9. Dans ces conditions, l’administration démontre que les agissements en cause sont justifiés par des considérations étrangères à tout harcèlement.
10. Enfin, s’il n’est pas contesté que M. A était en arrêt de travail depuis le mois de juillet 2020 jusqu’au mois de mars 2022 et s’il ressort des pièces du dossier qu’il a souffert de la situation et que sa santé mentale s’est largement dégradée, cette circonstance ne suffit pas à caractériser les faits précités comme relevant du harcèlement moral.
11. Il résulte de tout ce qui précède que les faits invoqués par M. A pris isolément ou dans leur ensemble, ne peuvent conduire à tenir pour établis les faits de harcèlement moral dont il prétend avoir été victime. Par suite, son employeur a pu légalement refuser de lui accorder le bénéfice de la protection fonctionnelle et M. A n’est pas fondé à demander l’annulation des décisions du 16 janvier 2022 qu’il conteste.
Sur les conclusions indemnitaires :
12. Pour les mêmes motifs que précédemment énoncés aux points 3 à 11, M. A n’est pas fondé à rechercher la responsabilité de son employeur à raison de faits de harcèlement moral ni du refus de lui accorder la protection fonctionnelle sollicitée.
Sur les conclusions à fin d’injonction :
13. Le présent jugement, qui rejette les conclusions à fins d’annulation et d’indemnisation présentées pour M. A n’implique aucune mesure d’exécution.
Sur les frais liés au litige :
14. Les dispositions de l’article L. 761-1 du code de justice administrative font obstacle à ce qu’une somme soit mise à ce titre à la charge de l’institut Mines Telecom et de l’Ecole supérieure des mines d’Alès, qui ne sont pas la partie perdante dans la présente instance. Dans les circonstances de l’espèce, il n’y a pas lieu de faire droit aux conclusions présentées par l’Ecole supérieure des mines d’Alès en application des dispositions de l’article L. 761-1 du code de justice administrative.
D E C I D E :
Article 1er : La requête de M. A est rejetée.
Article 2 : Les conclusions présentées par l’Institut Mines Telecom au titre de l’article L. 761-1 du code de justice administrative sont rejetées.
Article 3 : Le présent jugement sera notifié à M. B A et à l’Institut Mines Telecom.
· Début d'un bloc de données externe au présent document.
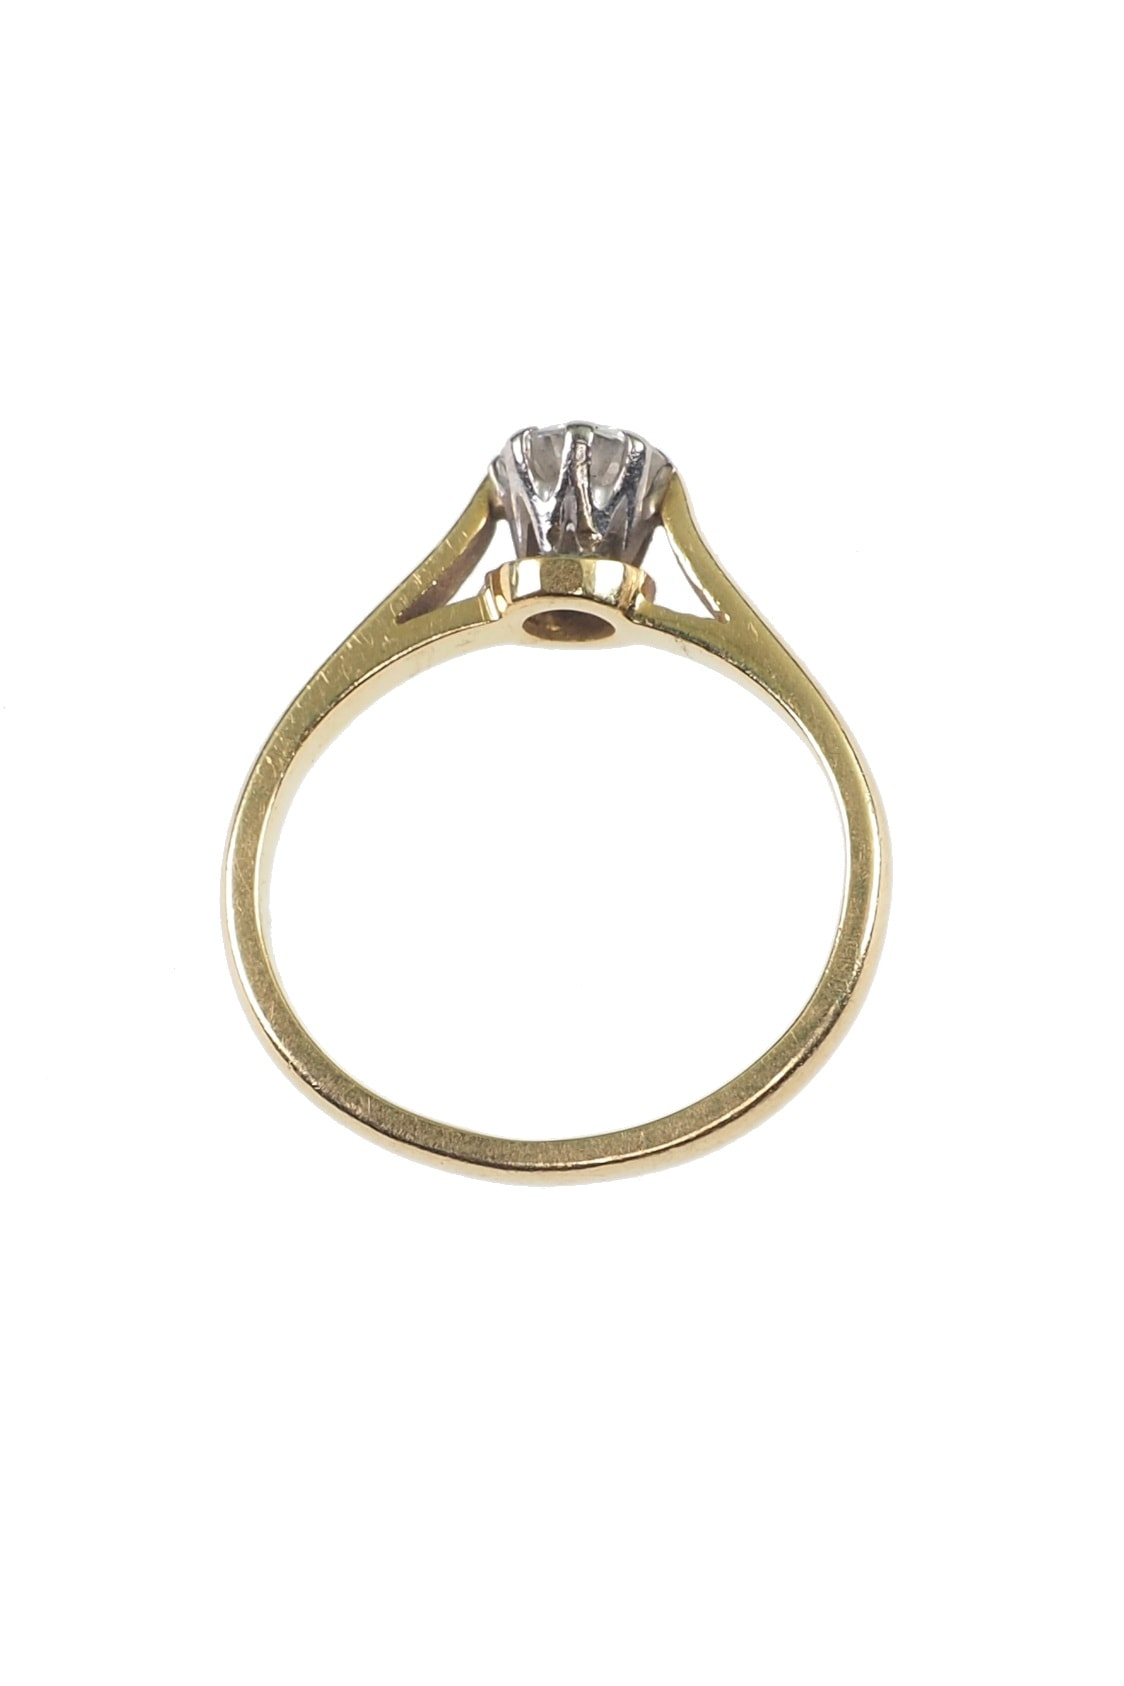 antike-Diamantringe-kaufen-2465b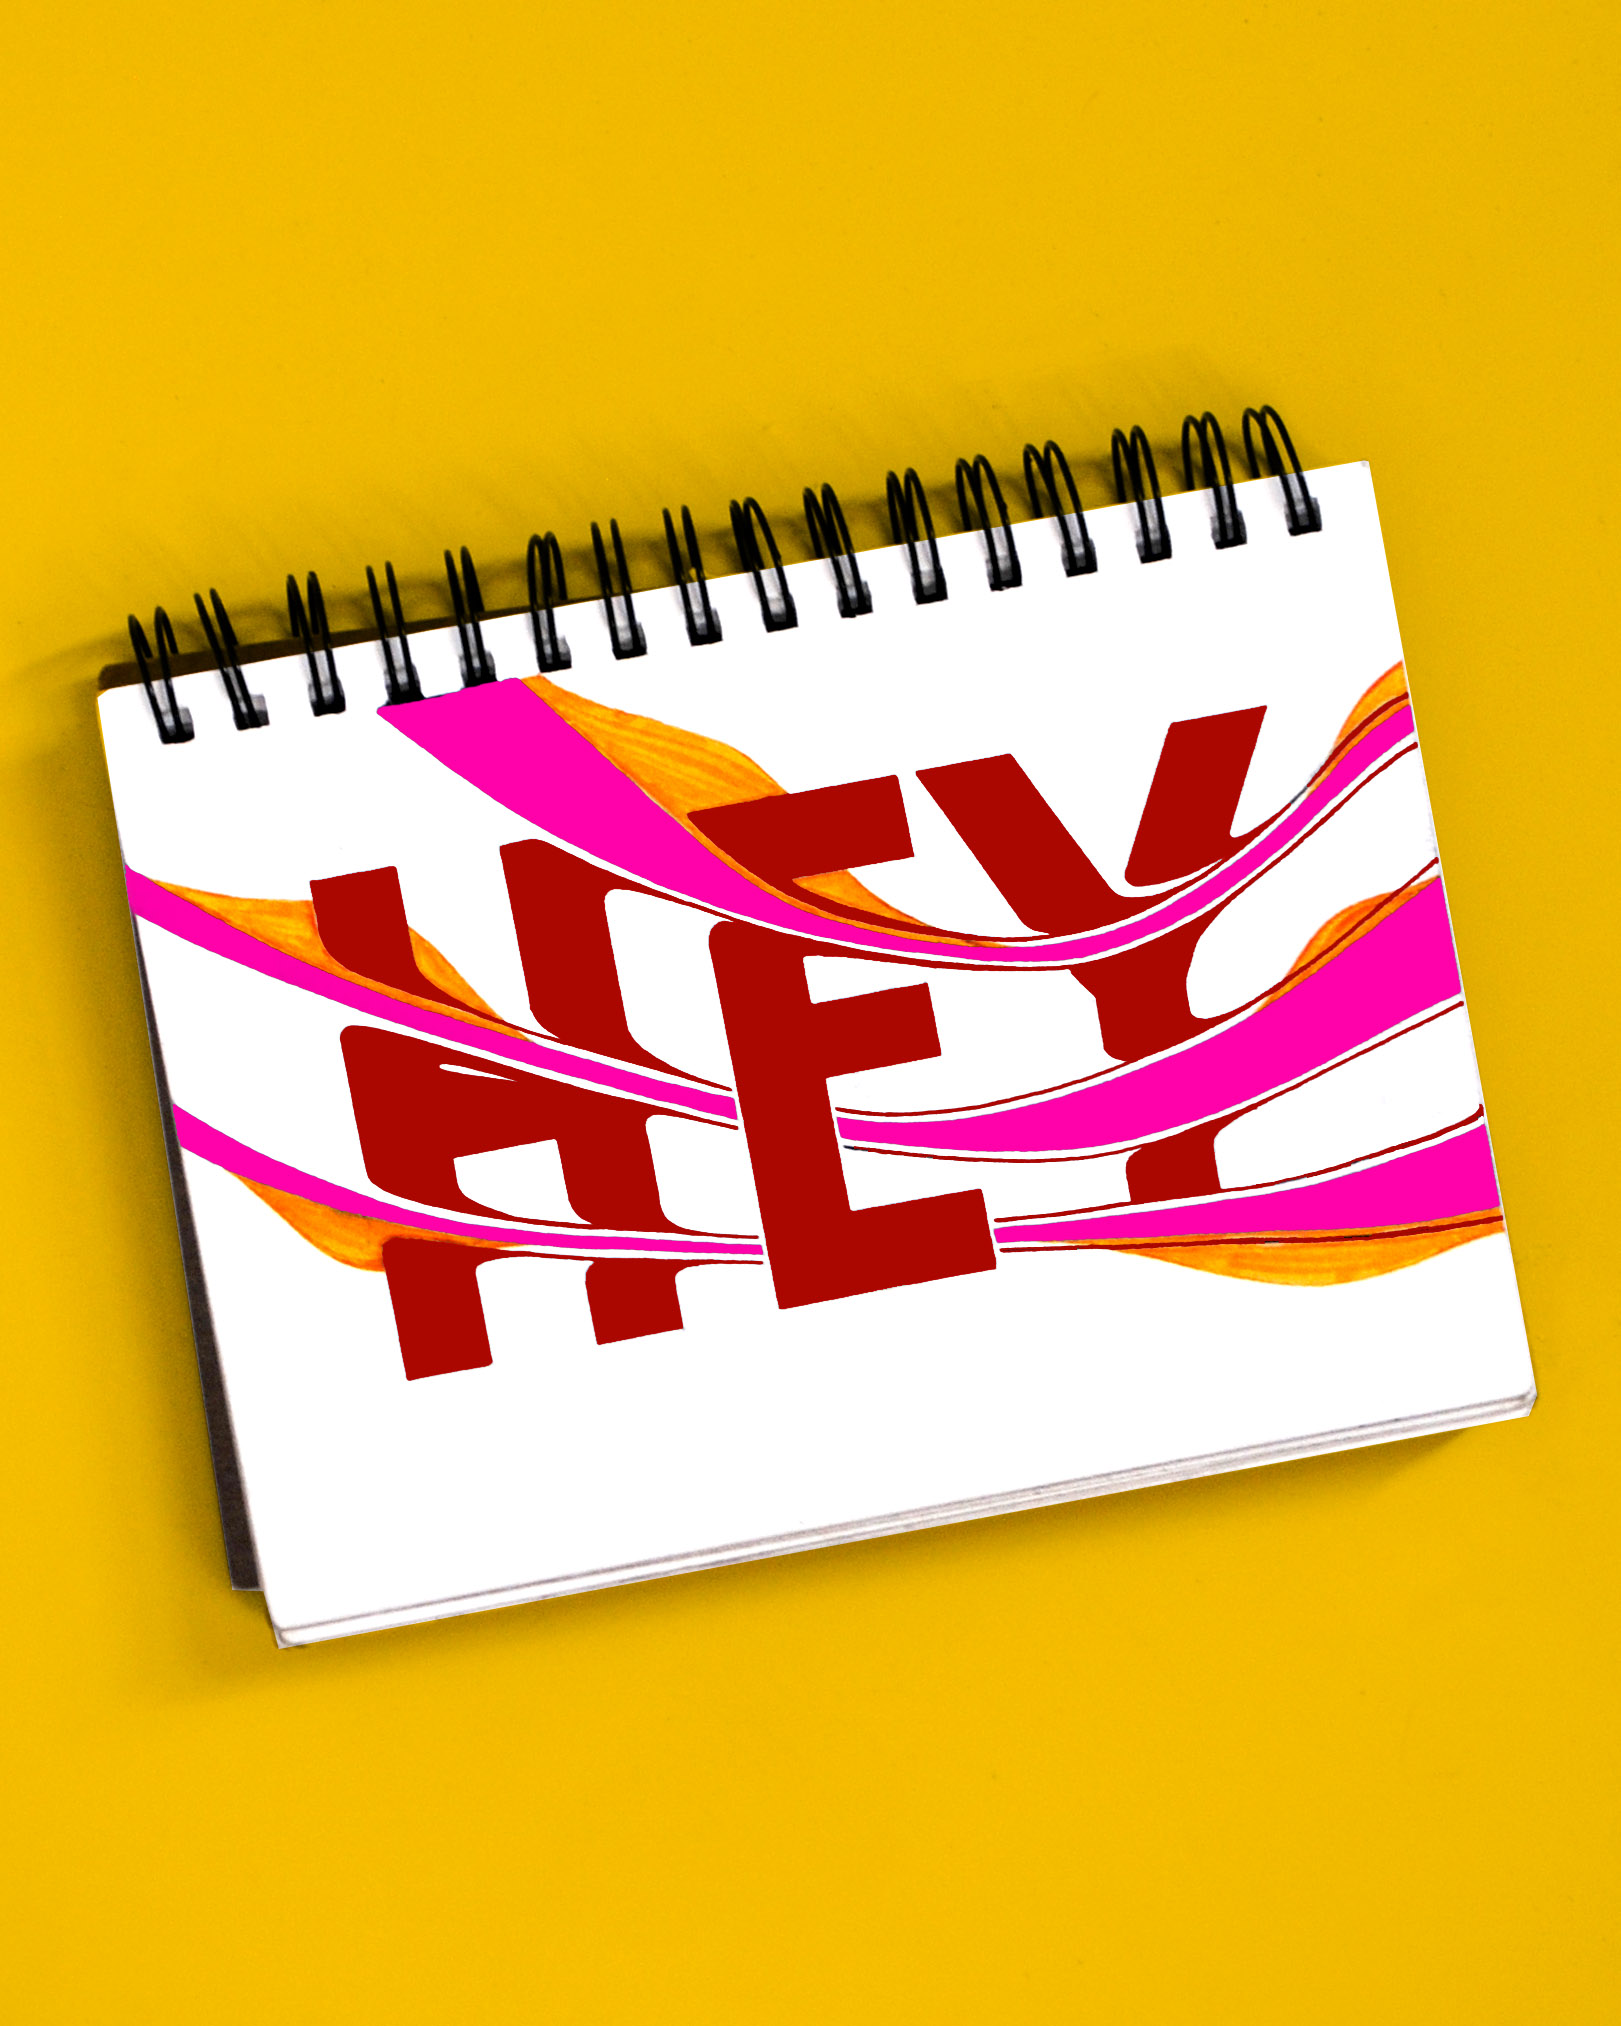 Lettering_Hey3.jpg

Copie en sera adressée à l’Ecole supérieure des mines d’Alès
Délibéré après l’audience du 18 décembre 2024, à laquelle siégeaient :
Mme Chamot, présidente,
Mme Sarac-Deleigne, première conseillère,
Mme Mazars, conseillère.
Rendu public par mise à disposition au greffe le 31 décembre 2024.
La rapporteure,
M. MAZARS
La présidente,
C. CHAMOT
La greffière,
B. MAS-JAY
La République mande et ordonne à la ministre de l’éducation nationale, de l’enseignement supérieur et de la recherche en ce qui la concerne ou à tous commissaires de justice à ce requis en ce qui concerne les voies de droit commun, contre les parties privées, de pourvoir à l’exécution de la présente décision.